Your objective – Set the data down again, exactly as it reads, but without the pictures.

Dataset extract –
+ + + + + + +

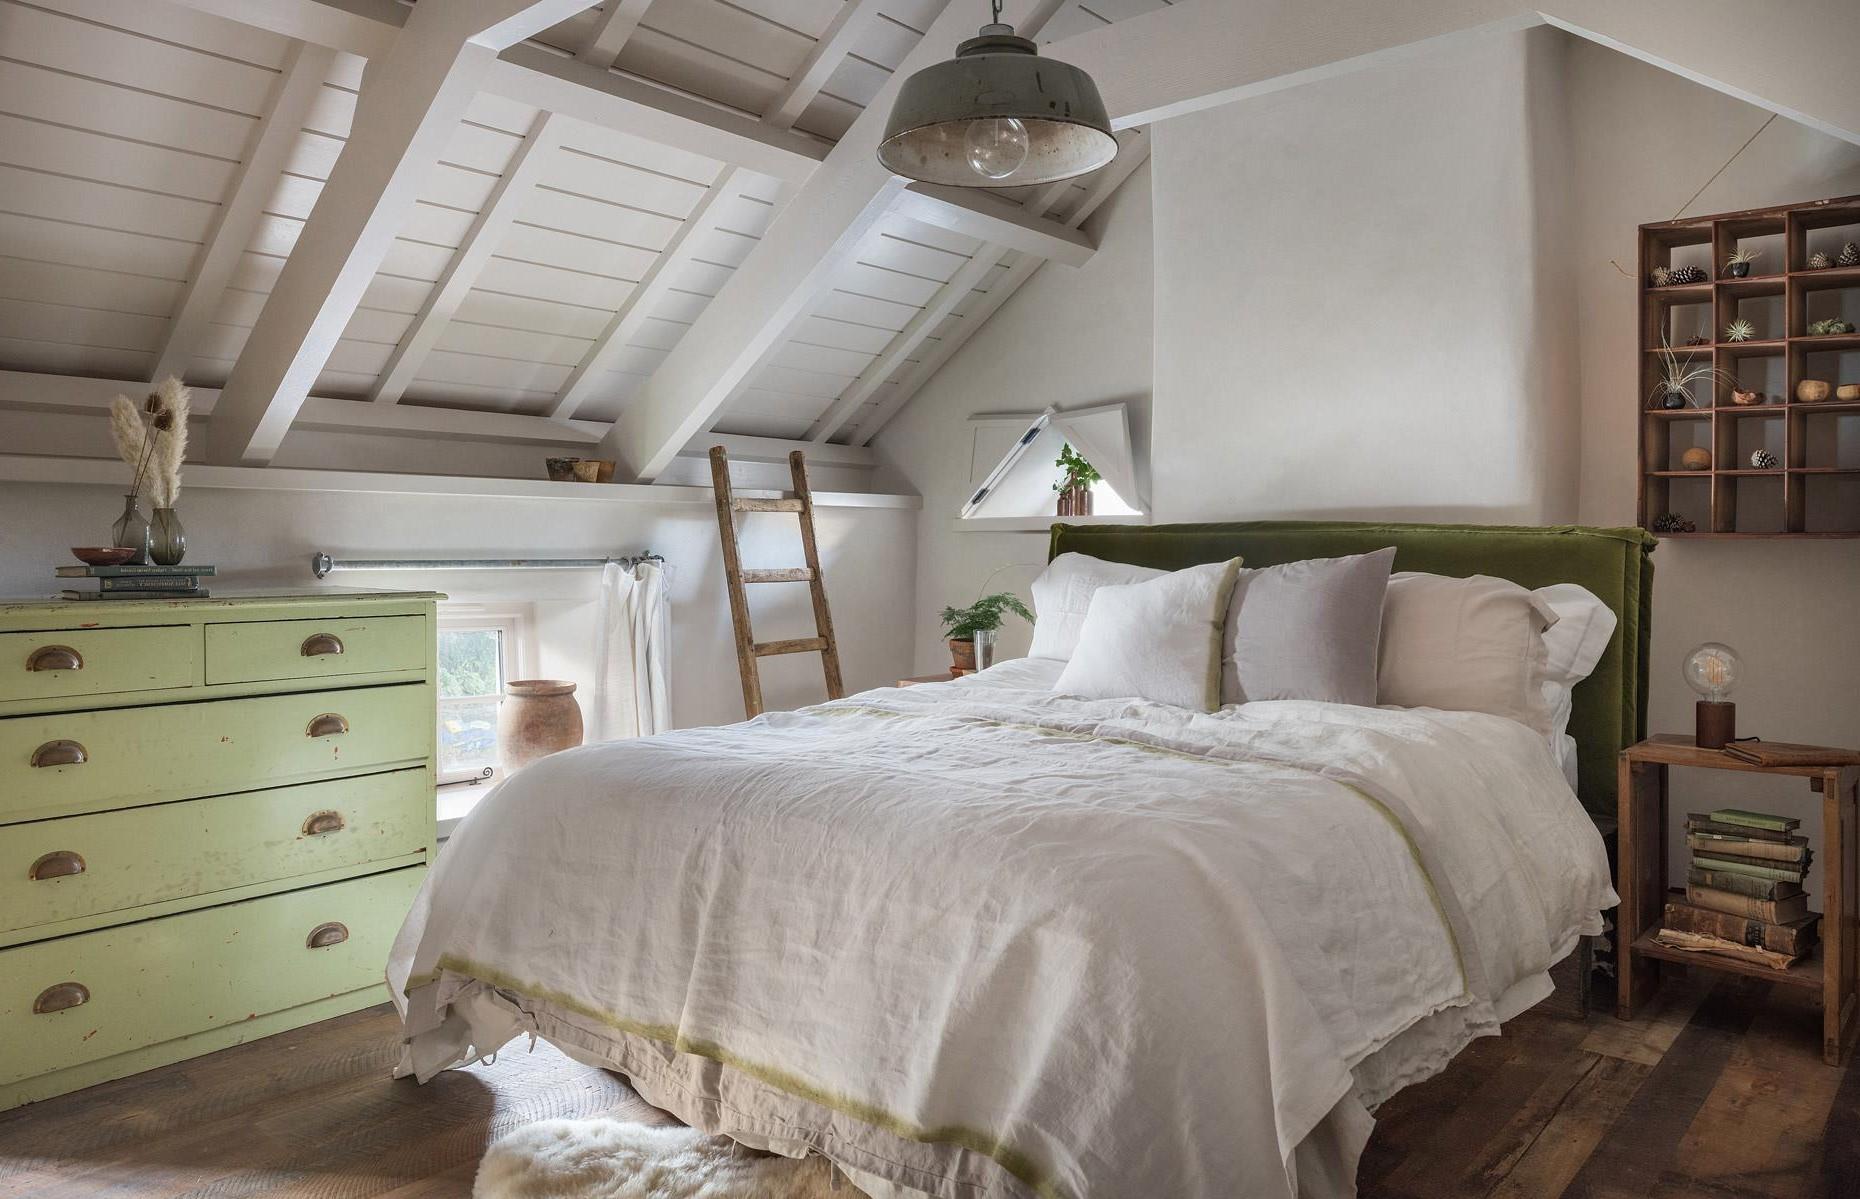 Aménagement sous combles: Lorsque vous introduisez de la lumière dans un loft, sortez des sentiers battus.
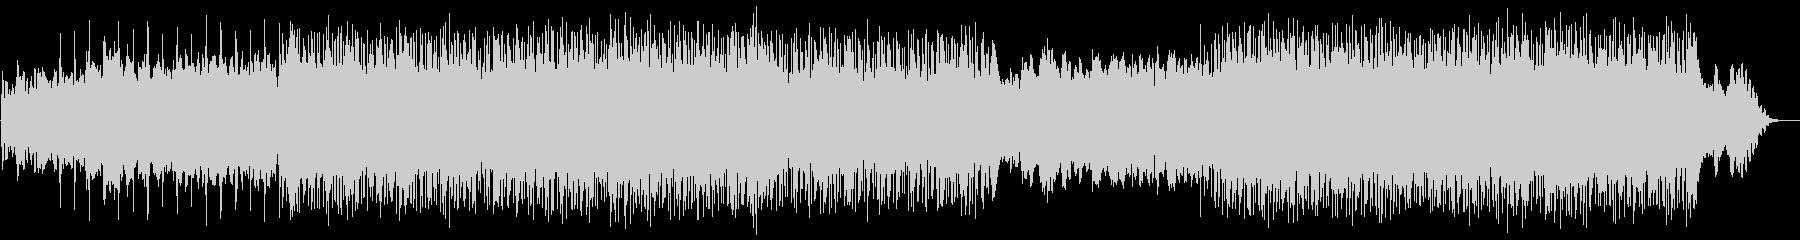 疾走感のあるドラムンベースの未再生の波形
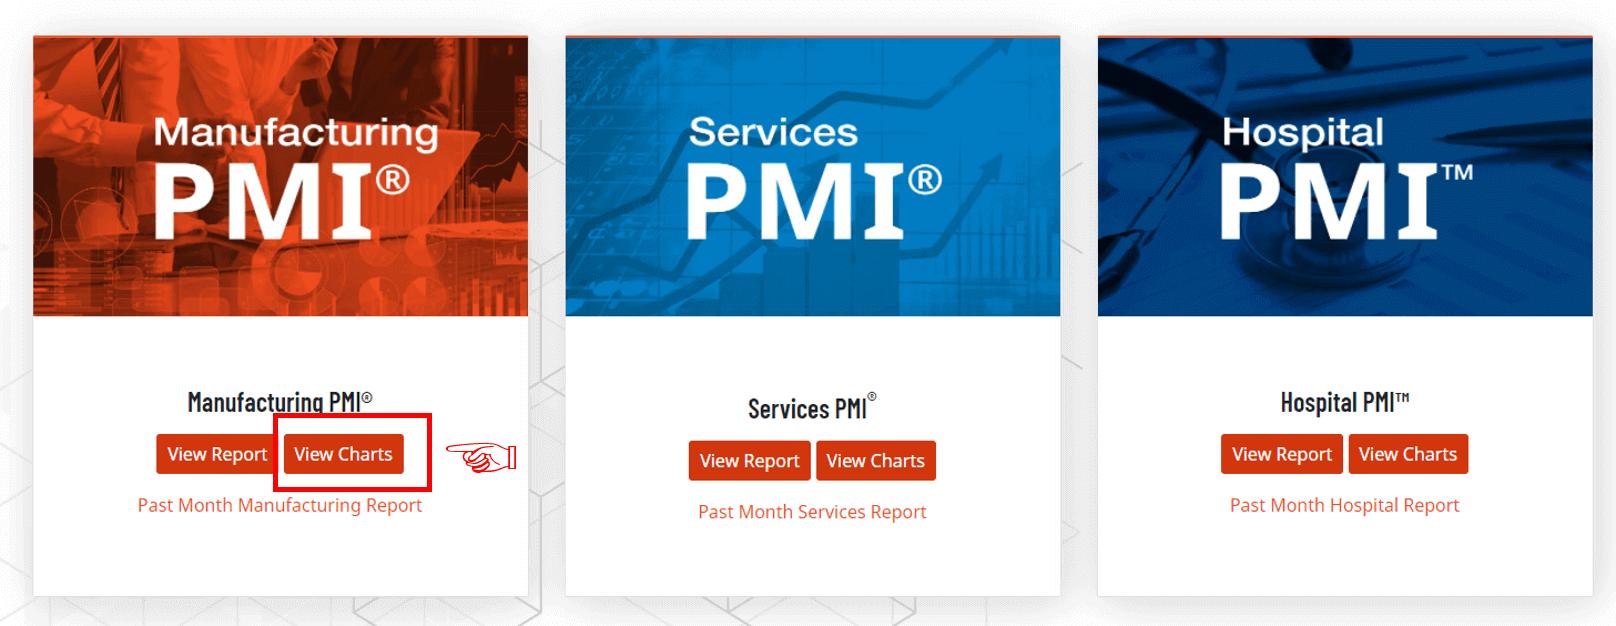 3가지 pmi를 볼 수 있는 화면에서 제조업 pmi를 보려면 어디를 클릭해야하는지 표시한 화면
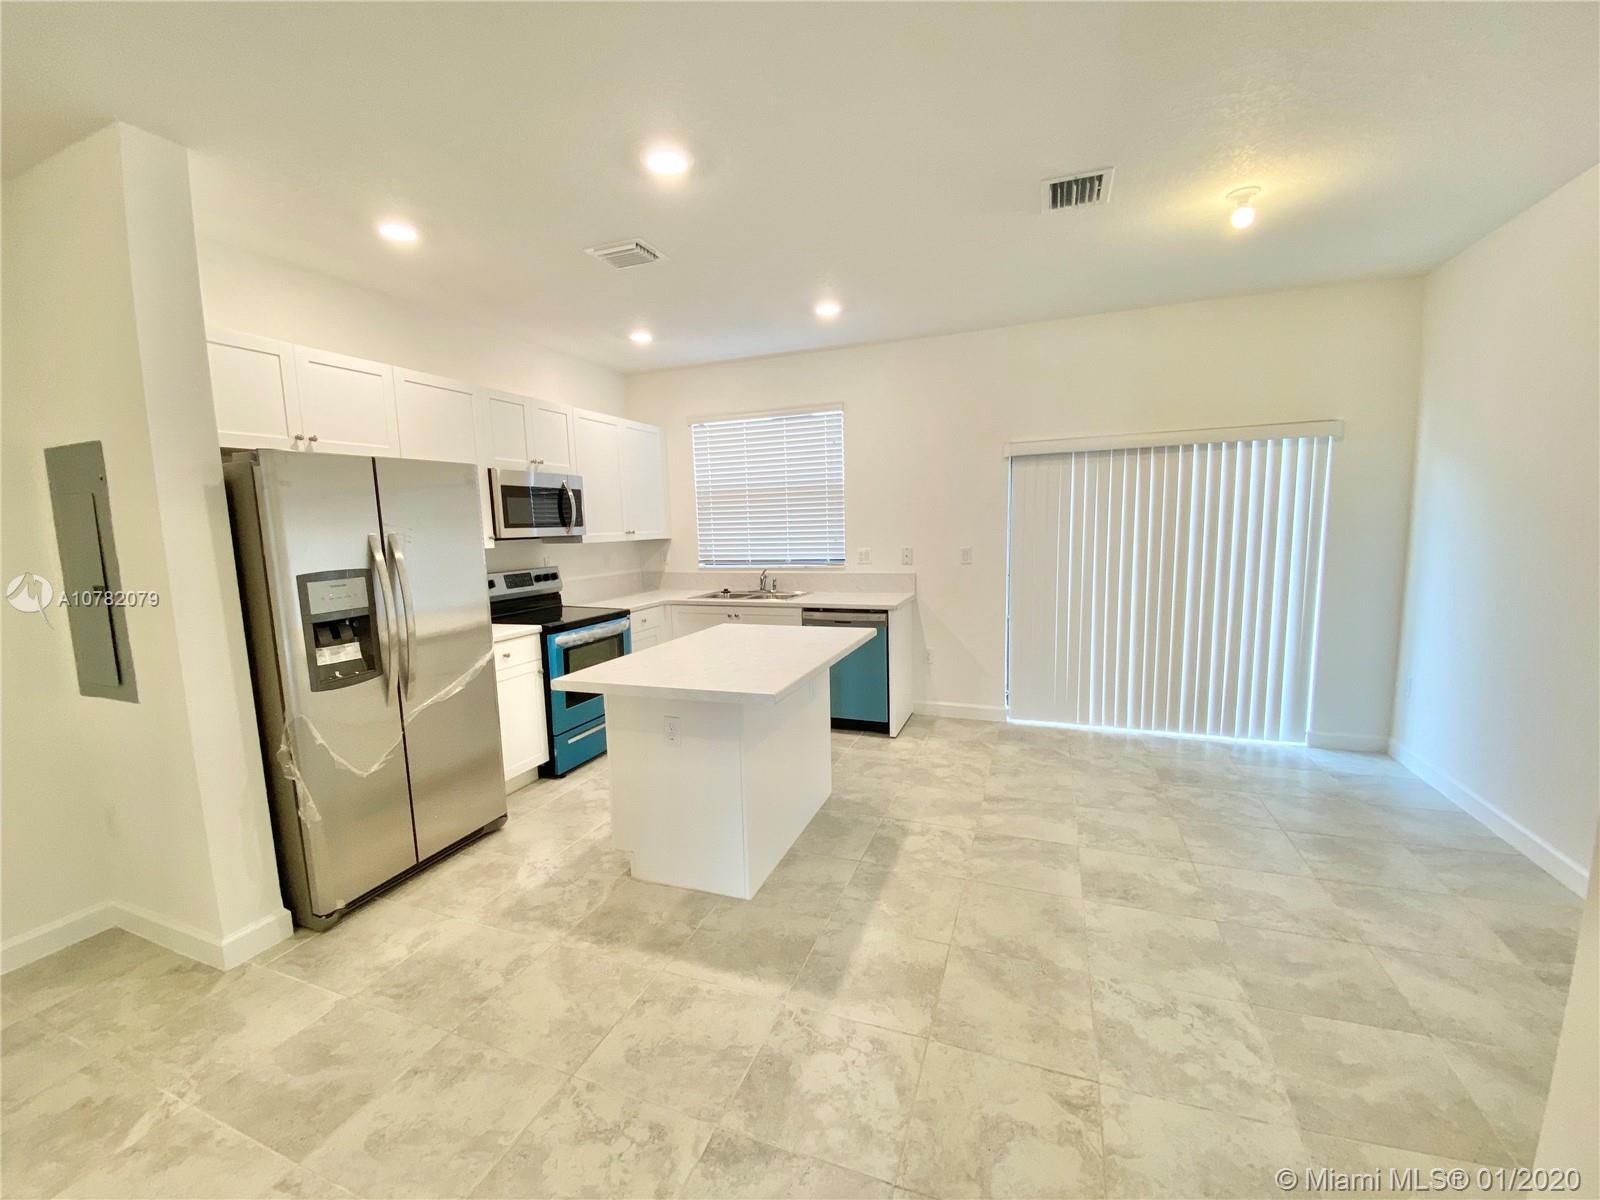 24920 SW 112nd Court #24920, Miami, FL 33032 - Miami, FL real estate listing

+ + + + + + +

Task solution –
 Aménagement sous combles: Lorsque vous introduisez de la lumière dans un loft, sortez des sentiers battus.
 疾走感のあるドラムンベースの未再生の波形
 3가지 pmi를 볼 수 있는 화면에서 제조업 pmi를 보려면 어디를 클릭해야하는지 표시한 화면
 24920 SW 112nd Court #24920, Miami, FL 33032 - Miami, FL real estate listing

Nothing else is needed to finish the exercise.